In the collective imagination, Wurtzel was the “manic pixie dream girl” of the literary world. The fantasy of the beautiful, crazy writer clung to her and she faced skepticism and censure at every corner. Wurtzel wasn’t the first and certainly won’t be the last writer to suffer this fate. And yet, she forged through it all, providing a template for how to live and write unapologetically.
Elizabeth Wurtzel Editorial
Young and Depressed in America
On any alignment chart, Elizabeth Wurtzel would’ve stayed firmly in the chaotic side. She was born in New York City in 1967, growing up in the pre-Giuliani era of crumbling infrastructure and Times Square peep shows.
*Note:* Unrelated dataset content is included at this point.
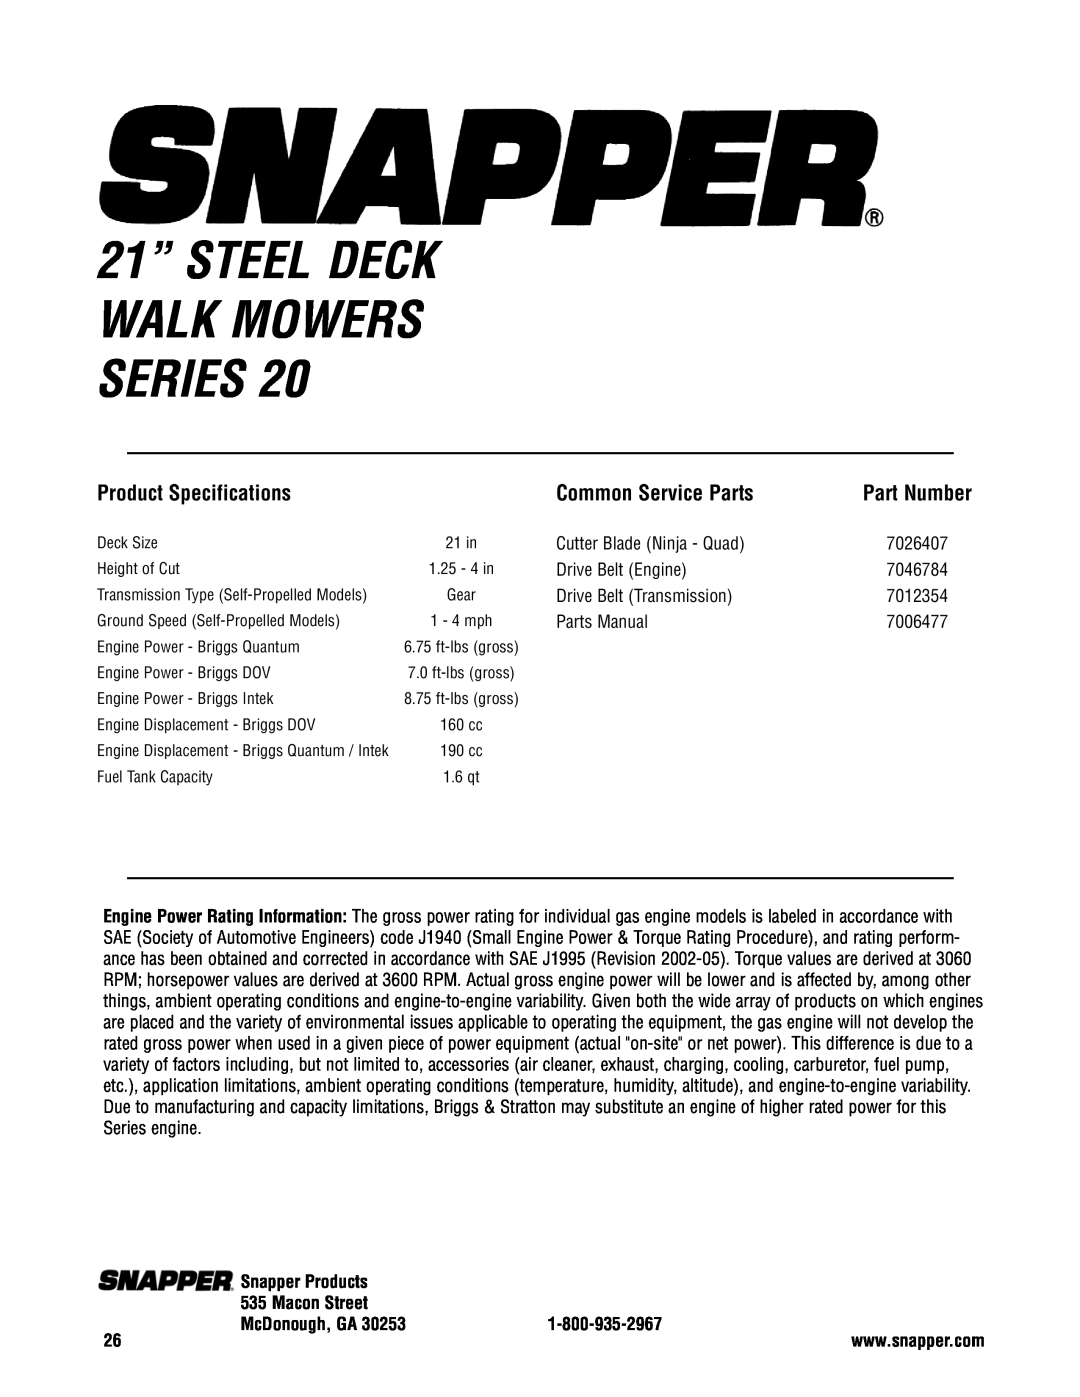 Snapper RP2187520BV (7800425) Product Specifications, Common Service Parts, 21” STEEL DECK WALK MOWERS SERIES, Part Number

By the time she was 12, she’d already had her first bout with depression and self-harm, complete with an overdose.
The ensuing teenage and college years were just as chaotic as Wurtzel's upbringing. After tempestuous relationships, substance use, and long depressive episodes, doctors eventually diagnosed Wurtzel with atypical depression. She became one of the first patients in the US to treat her depression with fluoxetine. Soon, she would chronicle these experiences in her 1994 book Prozac Nation.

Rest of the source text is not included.